Тут соседи и водитель, точно вмиг расколдованные, все столпились вокруг нее, расспрашивая:
– Откуда младенчик?
– Так откуда и весь народ! – рассмеялась в ответ Тина, и ряд блестящих золотых зубов блеснул в ее улыбке.
Увидев эту златозубую улыбку, народ с коротким «ох!» сначала отпрянул. А потом опять наперебой стал засыпать ее вопросами и, конечно, шутками-прибаутками про то, что, видно, раз она в свои сто лет родила без запиночки, так, поди, и зубы уж такие золотые выросли без помех.
– Что за кавалер такой тайный по снегам-сугробам к ней добрался, следов не оставив? Да еще не только дитем одарил, а и на зубы оставил? – засыпали ее вопросами.
– Да не… кавалерами не разжилась! – в ответ смеялась Тина. – Мой Иванушка сам получился. И зубы сами выросли, вот такая мне милость выпала. Вот хочу проверить, узнать: а правда ли золотые или из желтого какого-то металла мои зубы выросли? Не знаю, к кому идти – к зубному или к тому, который кольца-серьги чинит? Под Рождество так ныть десны стали. Ну точно зубы-то и резались! У меня зеркальце-то есть. Глянула! И вижу, что и вправду режутся, точно у младенчика! Чудо! Просто чудо! Бывает, люди добрые! – смущалась не привыкшая к людскому вниманию Тина.
Продавщица Лариска одна первой озадачилась:
– Алевтина, а как же ты его носить-то будешь на руках? Тебя ж соплей перешибешь! Вся насквозь светишься! Сама едва ходишь!!!
Тут с заднего сиденья встал Рашид, давно подженившийся на местной русской, продававший на рынке мандарины со своей исторической родины. Он степенно подошел к «молодой» матери. И засунул ворох купюр между ее тщедушным тельцем и запеленутым младенцем.
– На! Вот! На коляску! Поздравляю! Молодец, бабка! Русские бабы все и всегда могут! Здорово!
Это широкий жест разогрел всех в автобусе, скидывались на подарок новорожденному кто сколько мог, на радость не избалованной вниманием дряхлой Тине.
Когда они доехали до Ругачева, все вышли из автобуса, словно сплоченные общей тайной дивного чуда, прикоснувшиеся к невероятному, забросив все дела, толпой повалили в ремонт ювелирных изделий, но там оказалось закрыто.

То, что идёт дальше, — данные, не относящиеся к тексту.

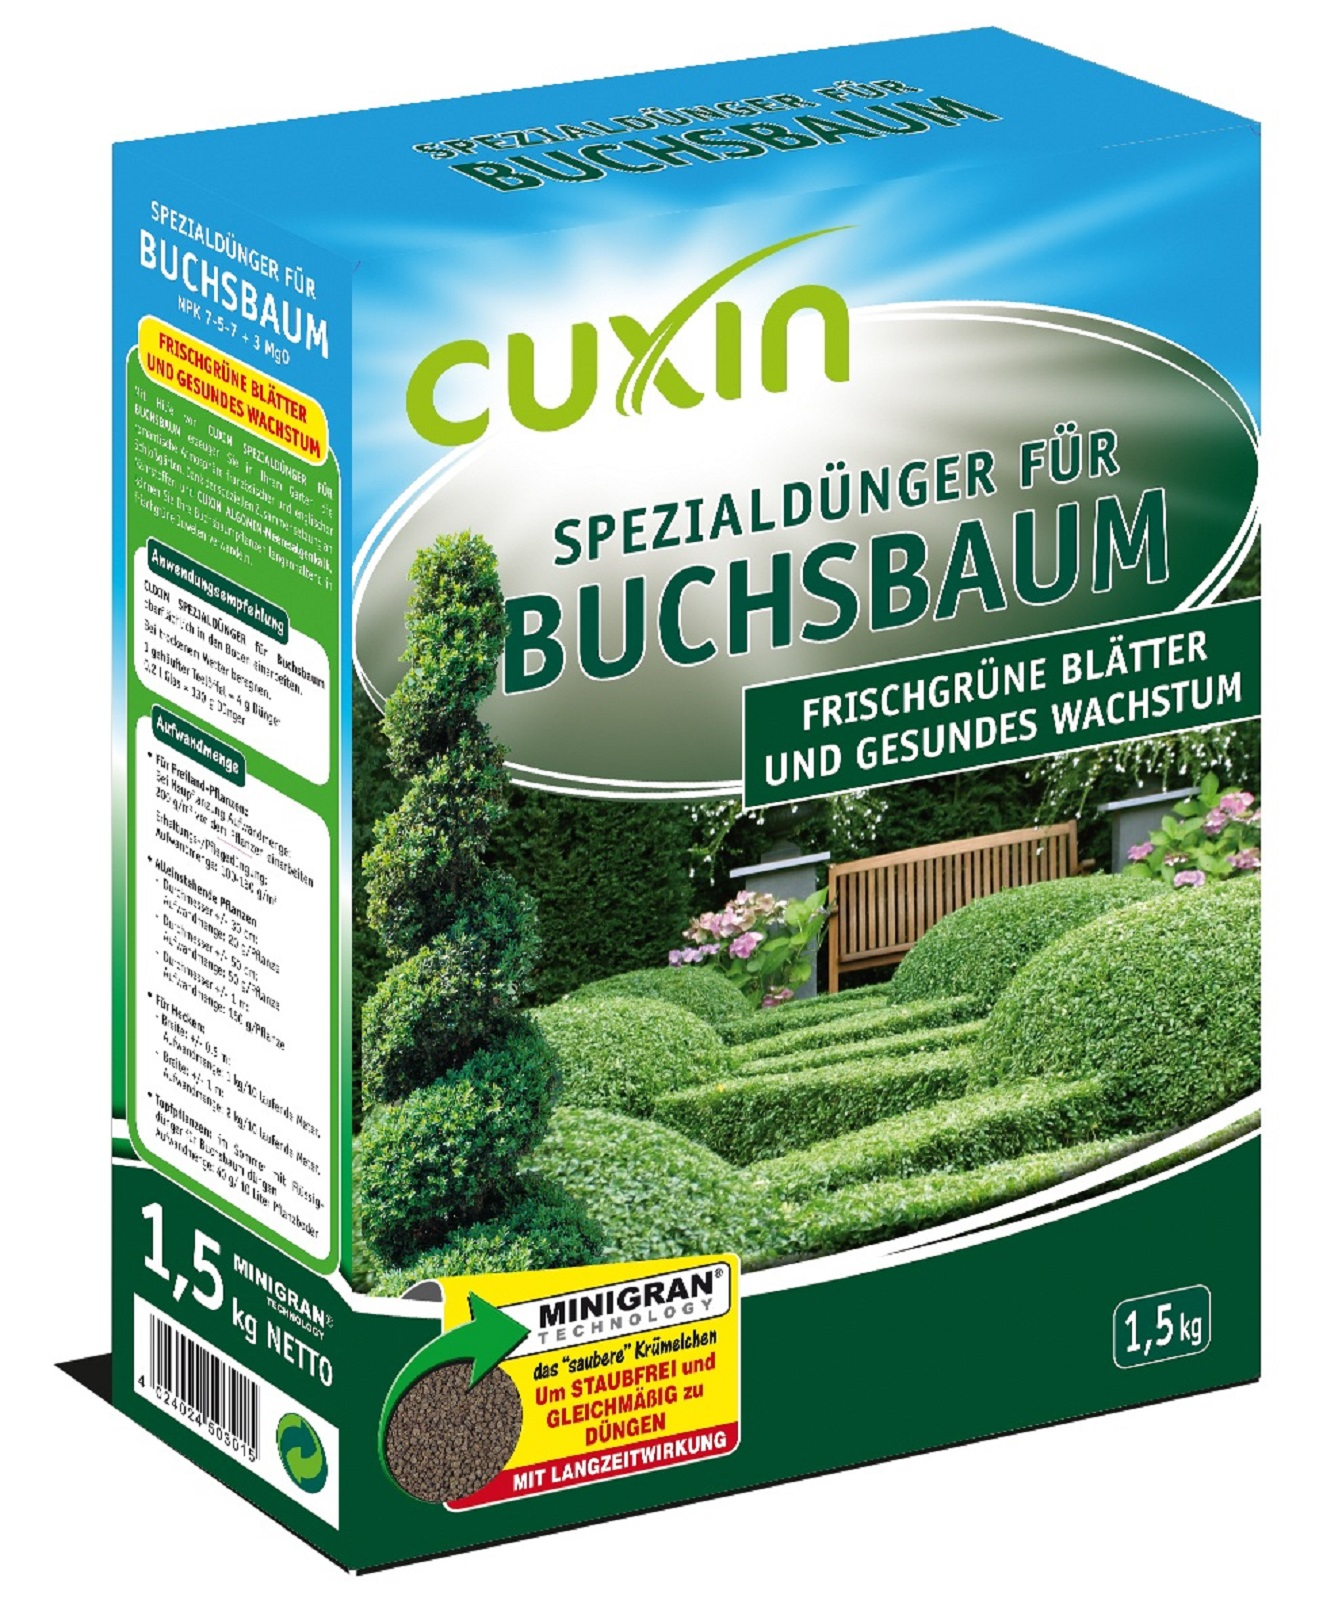 Cuxin Buchsbaum, Spezialdünger,1,50 kg Minigran, Dünger

Поэтому все повалили к зубному – проверять, из чего ее чудо-зубы, из какого металла сотворены неземной силой.
Понятно, что приняли ее без очереди. В очереди все – и девушка с зубной болью, что была первой, и сантехник Гриша с флюсом, со щекой, подвязанной ярким платком с Эйфелевыми башнями, любимым платком его жены Кати, – все столпились вокруг Беззубой Тины, а теперь – златозубой Алевтины. Ввалились вместе с нею в кабинет дантиста Зои Альбертовны. Тут крик врача, склонившегося над Тиной с раскрытым ртом, заставил всех замолкнуть и прекратить споры.
– Они не просто золотые! Они… растут!!! Они настоящие!!! Люди! Ни единой пломбы, зато проба стоит на каждом зубе! Это чистое золото! – испуганно кричала стоматолог Зоя Альбертовна, раскинув руки, пытаясь прорваться спиной через плотную стену любопытствующих. Но это ей не удалось, толпа чуть не скинула ее обратно на тощенькую Тину. Все хотели заглянуть в ее старушечий рот, на это диковинное чудо: выросшие у столетней старухи зубы, да еще и золотые!
Коляску и все «приданное» Ванюше покупали тоже всем Ругачевом. Гудящая толпа ругачевцев живым коконом обволокла Тину с Ванюшей на руках. Чудо взбудоражило весь город, изменило привычное течение жизни прежде сонного городка. Словно какой небесной отметиной особой значимости украсился городок.
Да и жизнь Алевтины резко изменилась с того весеннего дня.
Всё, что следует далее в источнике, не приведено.